The others in his village thought this was a waste of time. What use is it to draw cats, they scoffed. It doesn’t put food on the table or bring in the grain. The richest man in town had beautiful scrolls on the walls of his house: paintings of fog-tipped mountains and elegant gardens, far-off things no one in their village had ever seen. But you could simply step outside and see a cat; they were everywhere. They had never heard of an artist choosing to draw cats. What was the point?
The boy’s parents, however, did not agree. Although they had to work many hours in the field—and the boy often had to help—they were proud of his talent. After the day’s work was done, the father collected pieces of bamboo the length of his hand and gave them to his son for brushes. The mother cut the tips of her own hair and bound them into tufts for the bristles. The boy gathered stones—every color he could find, from deep red to pure black—and ground them to dust to make his paints. And every night, he painted cats—on flat pieces of bark, on scraps of paper and worn-out rags—until it was time for bed.
One year, sickness struck the village, and the boy’s parents died. No one in the village would take him in: he had a reputation. A boy who wasted time, a boy who did useless things. Besides, the villagers had little to spare. They had been sick, too; there was little food, nothing left for one who wasn’t their own. Each family took a handful of rice from their stores, bound it all in a cloth, and gave it to the boy. Good luck, they said. May fortune smile on you. He thanked them and shouldered the bundle, tucked his brushes in his pocket, and set off on his way.
It was winter, and bitterly cold. The boy wandered for hours through the dark until he came to a small village, where every door was shut tight. Though he could see the glow of firelight through the windows, no one would answer his knock. A harsh wind began to blow; snow began to whirl around him in the air like ghosts clawing at his face. At the last house, an old woman peered out. I’m sorry, she said. If I let you in, my husband will kill me. We dare not take in strangers. This whole town is afraid. Afraid, the boy said, afraid of what? But the woman simply shook her head.
In desperation, the boy looked around the deserted street. At the end, just past the outskirts of town, he spotted a small building he hadn’t noticed before. What about that, he said, that deserted house? Surely I can stay there just for the night.
The old woman seized his hands. That place is dangerous, she said. Cursed. It is said that a monster lives there. No one who enters at night ever returns.
I am not afraid, the boy said, and anyway, I may as well be eaten by a monster as freeze to death out here in the street.
The old woman bowed her head and gave him a torch lit from her cooking fire. Take this, she said. And keep to the small. Then she blessed him and wiped a tear from her cheek. May you see tomorrow, she said. And if you do, I beg you forgive us.
The boy made his way to the deserted house. Snow had begun to stick to the ground and to the bare branches of the trees, and when he reached it he found a small drift just beginning to form at its door. But it was unlocked, and he let himself inside. He lit a fire in the fireplace and looked around. There was only one room, with only one piece of furniture: a small cupboard, the kind that his mother had once kept their blankets in. There were no carpets on the floor, no decorations on the walls: only whitewashed walls, a plain dirt floor swept clean.
Well, he thought, this place may be cursed, but at least it’s dry and warm. He was about to unroll his blanket on the floor and go to sleep when the white walls caught his attention. They seemed so bare, so empty. Like a face without features. He dug into his pocket and pulled out his brushes, and before he had thought it through, he had painted a cat on one of the walls. Just a little one, a small striped gray-and-white thing. A kitten, really. There, he thought, that’s better. And again he prepared to go to bed.

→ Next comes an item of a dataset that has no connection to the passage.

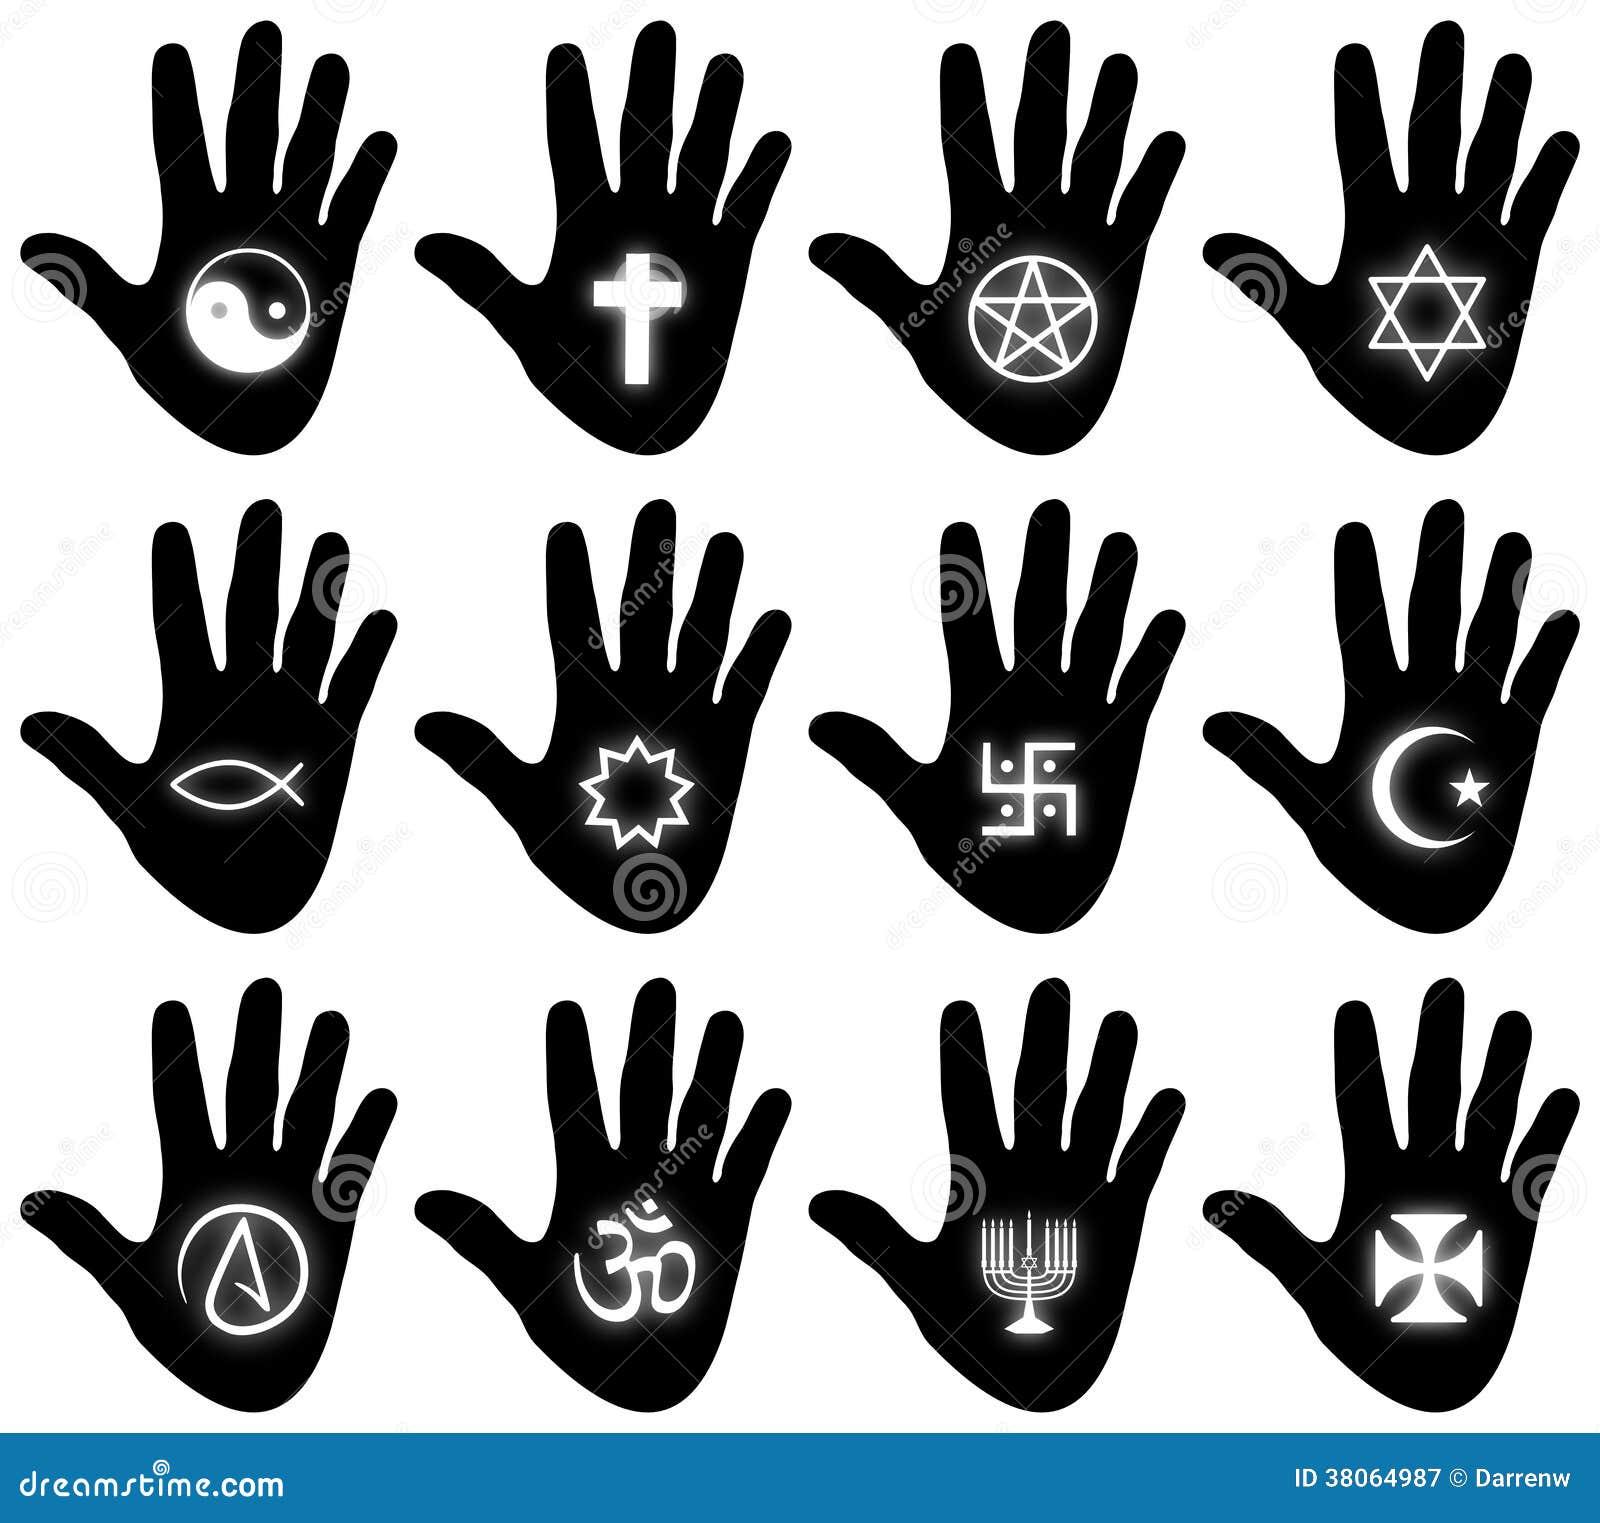 Religious Hand Symbols Stock Illustration Illustration Of Judaism

But the cat seemed lonely, all by itself on the wall—and there was so much wall. He painted it a friend, a bigger cat, a tabby sitting beside it, licking its paw. Then he forgot himself completely. He painted another cat, a big orange tom, asleep by the fire. A black cat ready to pounce, a white cat watching with big blue eyes, a calico clambering among the rafters. He painted cats until all the walls were covered, a whole coterie of cats to keep him company, and only when he ran out of space—and the fire was sputtering down to embers—did he put his brushes away.
The boy was tired—who wouldn’t be, after conjuring a hundred cats out of nothingness? He unrolled his blanket, but despite all the cats, he was lonely. He missed his parents, and he wished he were at home again, in his own house, in his own bed, with his parents sleeping beside him. He thought of his brushes, made from his father’s bamboo, his mother’s hair. He remembered the small gestures about them he missed the most: the way his mother raked her hand through his hair, smoothing it from his face; the way his father had hummed while he worked in the field, so quietly it might have been the buzzing of bees. He felt small, and suddenly he remembered the old woman’s words: keep to the small. He took his blanket and opened the cupboard and made his bed inside it. It was as close to his own little bed as he could get, and he crawled inside, with all of his things, and pulled the door shut behind him.